# Address being used for CU



## Worriedman (7 Aug 2019)

My partners mother is using our address for a credit union  loan that is heavily in arrears . Does this have any consequence to ourselves?


----------



## so-crates (7 Aug 2019)

I assume the loan is in her name? Does your partner have the same name as her (i.e they are both Mary Murphy or something like that)

It may be worth your while getting your credit report(s) to see what is on them. There are two, the Central Bank system ([broken link removed])
and the Irish Credit Bureau ([broken link removed])

Is there a reasonable reason why your address is being used or is she taking advantage?


----------



## Worriedman (7 Aug 2019)

Just same surname. reason is don't want people at home to see letters from the loan. I never thought it would effect our credit rating as it is in her name.


----------



## cremeegg (7 Aug 2019)

Worriedman said:


> My partners mother is using our address for a credit union  loan that is heavily in arrears . Does this have any consequence to ourselves?

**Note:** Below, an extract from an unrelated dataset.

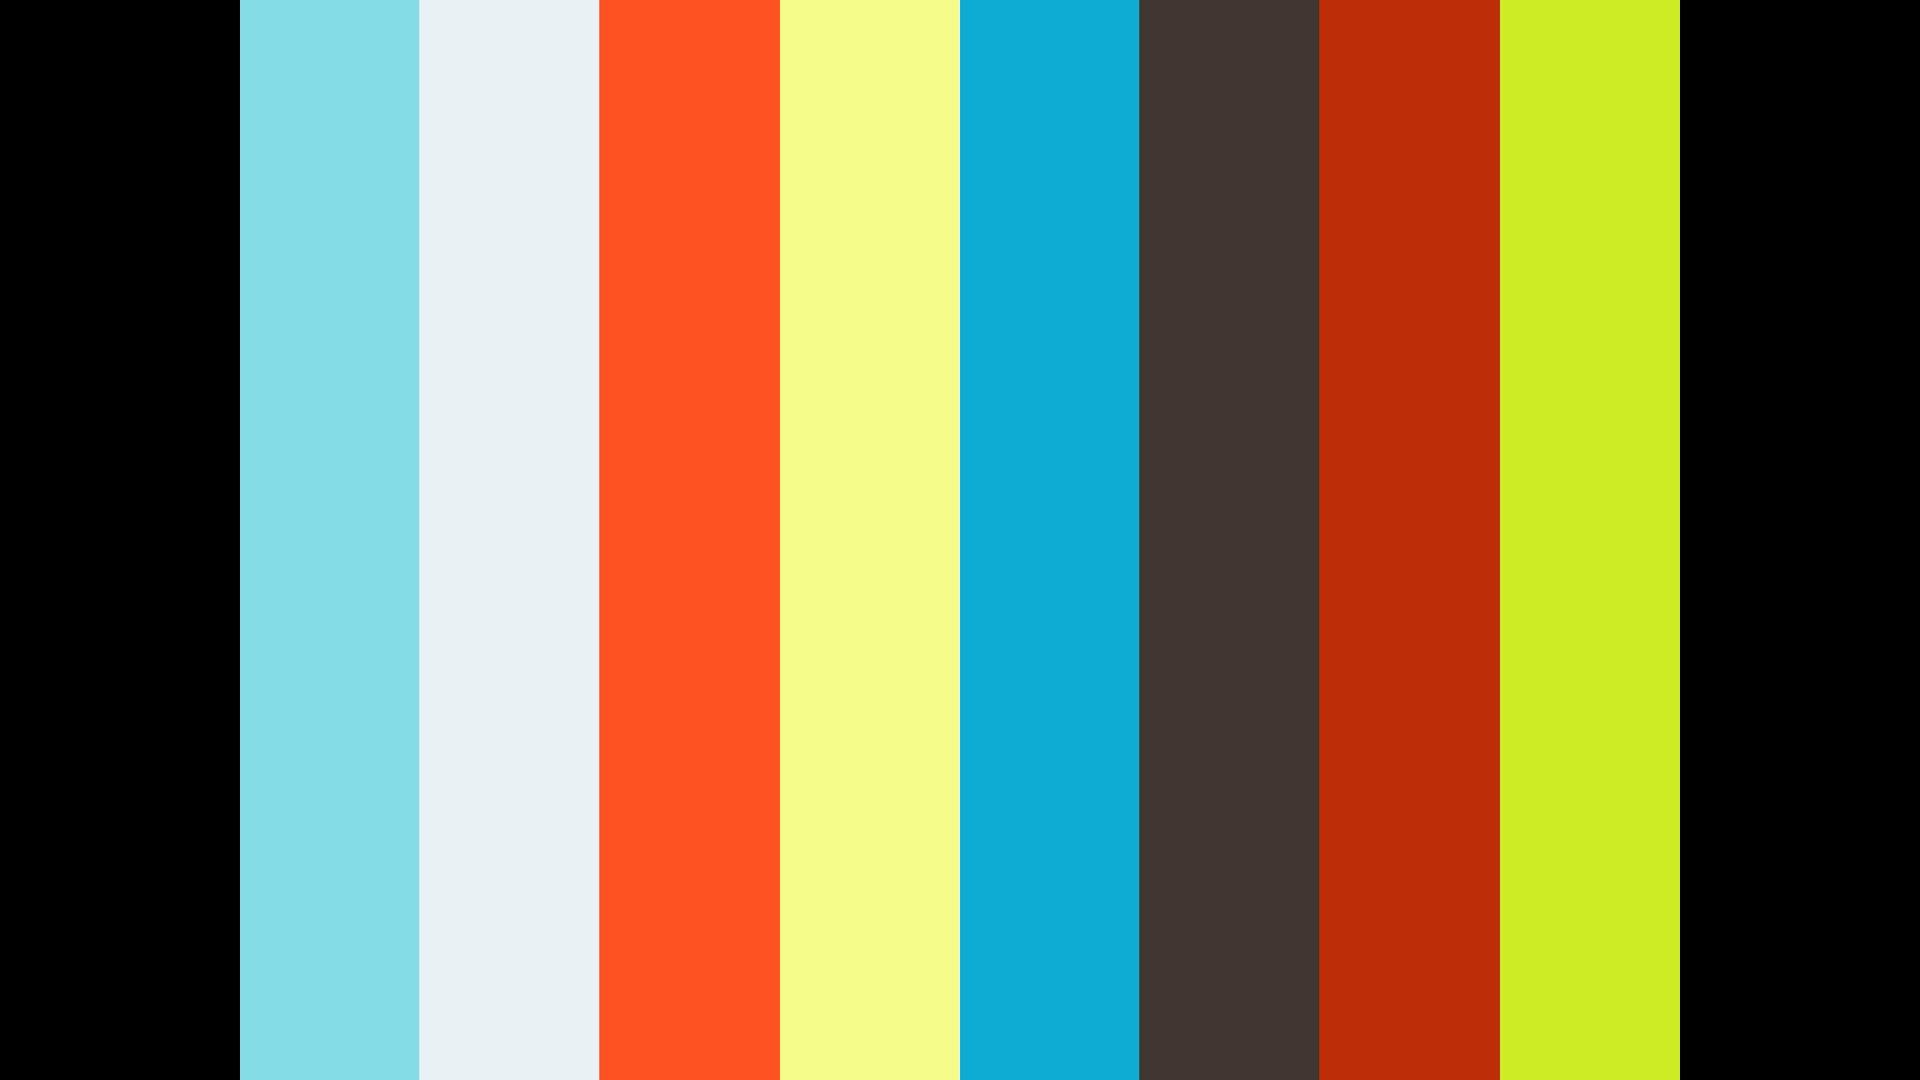 <p><u>Speisezimmer-Programm Cascais</u><br /> Diese Serie vereint Schlichtheit und Extravaganz durch die Kombination von Metall mit Massivholz. Vitrineneins&auml;tze mit integrierter Beleuchtung lockern die Front auf und die Griffe unterstreichen das geradlinige Design. Die Schalensessel gibt es in 3 Mikrofaserbez&uuml;gen und 2 Fu&szlig;varianten. Der Tisch steht auf schweren Trapezkufen und ist in 3 Gr&ouml;&szlig;en lieferbar.</p>

AFAIK. The banks credit approval processes are private. If a bank were aware of a CU loan in arrears at a particular address, I suspect this would make them less likely to issue any future loan to a person at that address. I doubt the surname would matter. The question that would link you to the loan in arrears is more likely to be, "how long have you lived at that address"


----------



## Worriedman (7 Aug 2019)

If I get her to change her address then will that solve the problem


----------